#### INFORMATION SUPPLIED

###

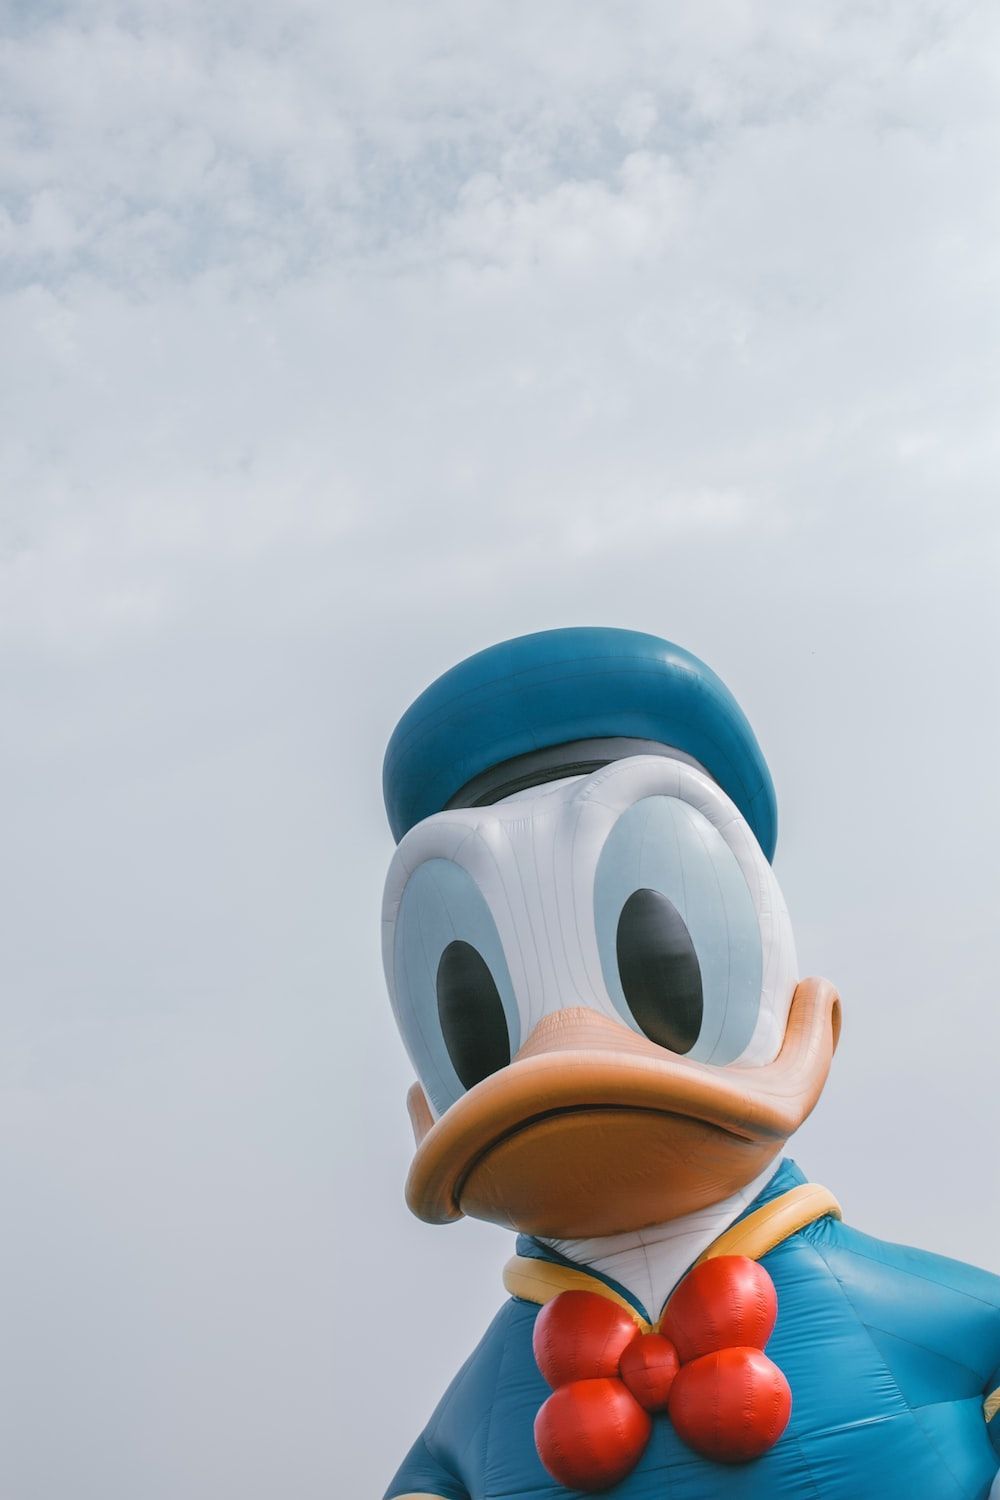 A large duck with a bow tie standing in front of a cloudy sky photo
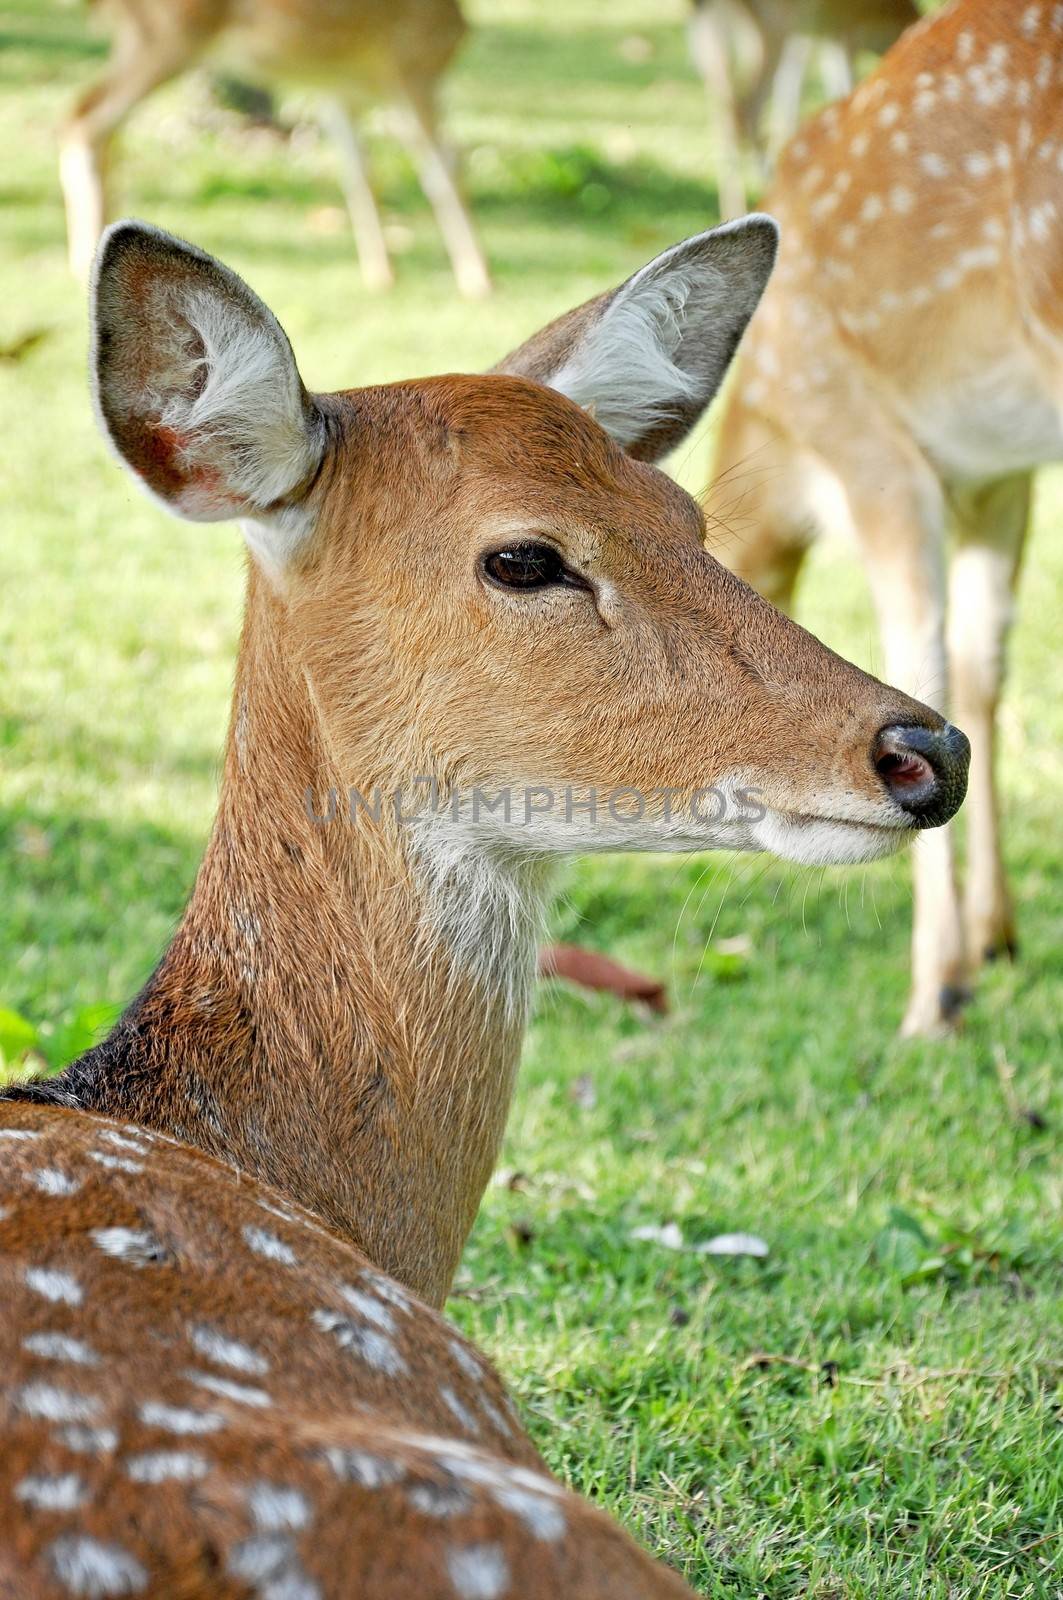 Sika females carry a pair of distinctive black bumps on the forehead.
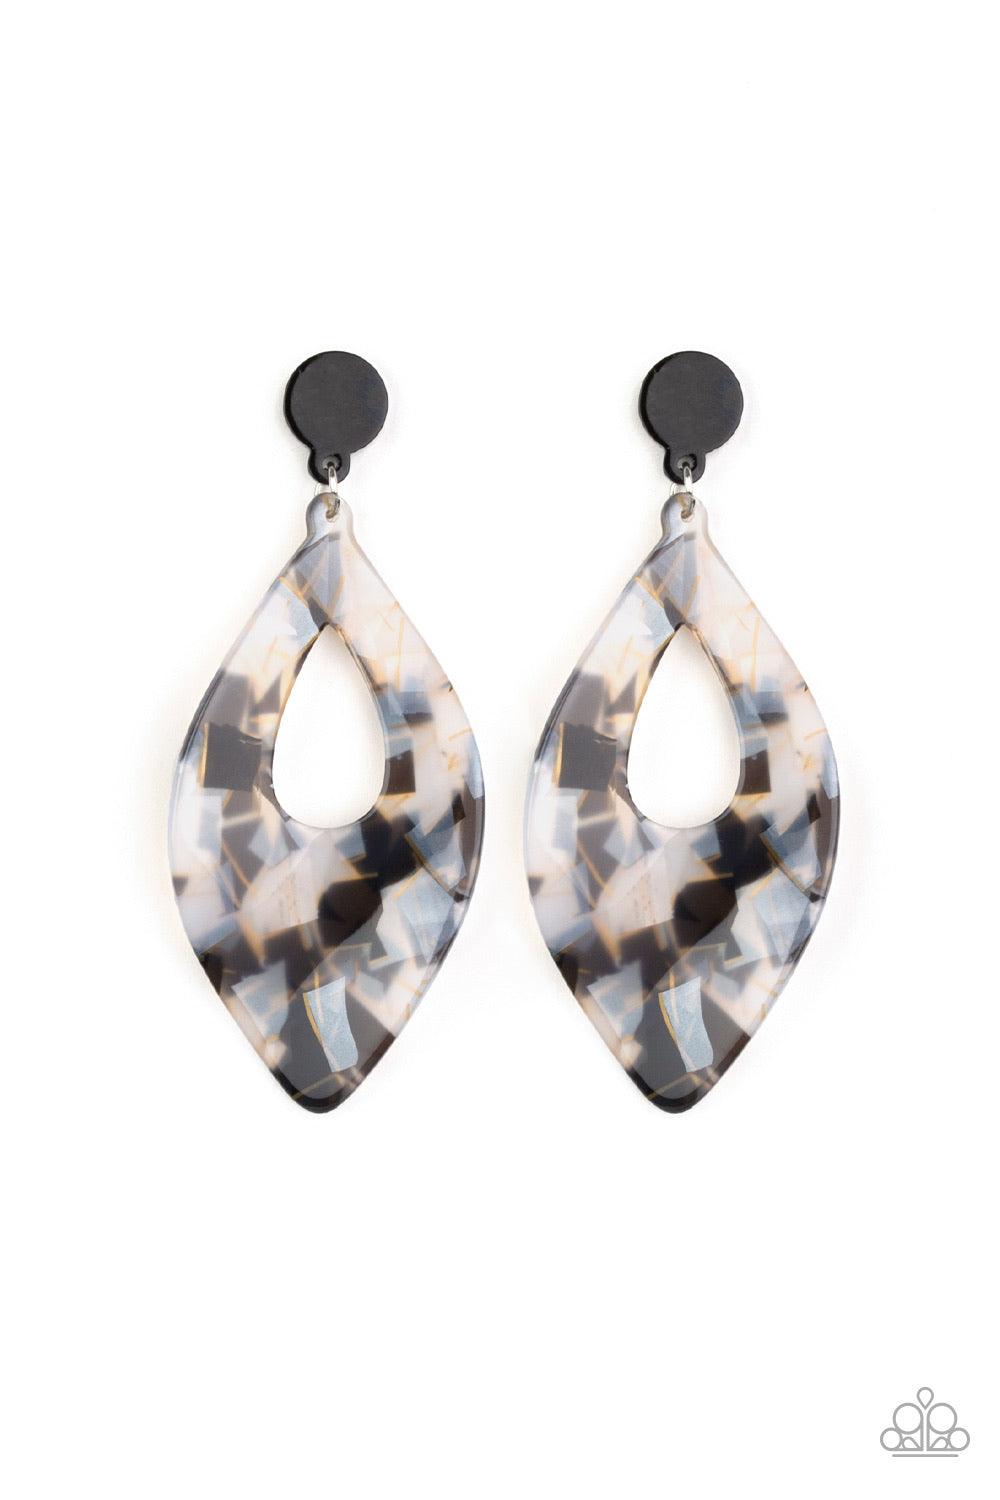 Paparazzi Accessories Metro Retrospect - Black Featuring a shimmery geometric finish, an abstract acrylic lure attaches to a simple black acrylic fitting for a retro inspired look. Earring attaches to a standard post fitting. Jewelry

###

#### EXERCISE PROMPT
Give the listing again exactly, minus its images.

#### RESULT
 A large duck with a bow tie standing in front of a cloudy sky photo
 Sika females carry a pair of distinctive black bumps on the forehead.
 Paparazzi Accessories Metro Retrospect - Black Featuring a shimmery geometric finish, an abstract acrylic lure attaches to a simple black acrylic fitting for a retro inspired look. Earring attaches to a standard post fitting. Jewelry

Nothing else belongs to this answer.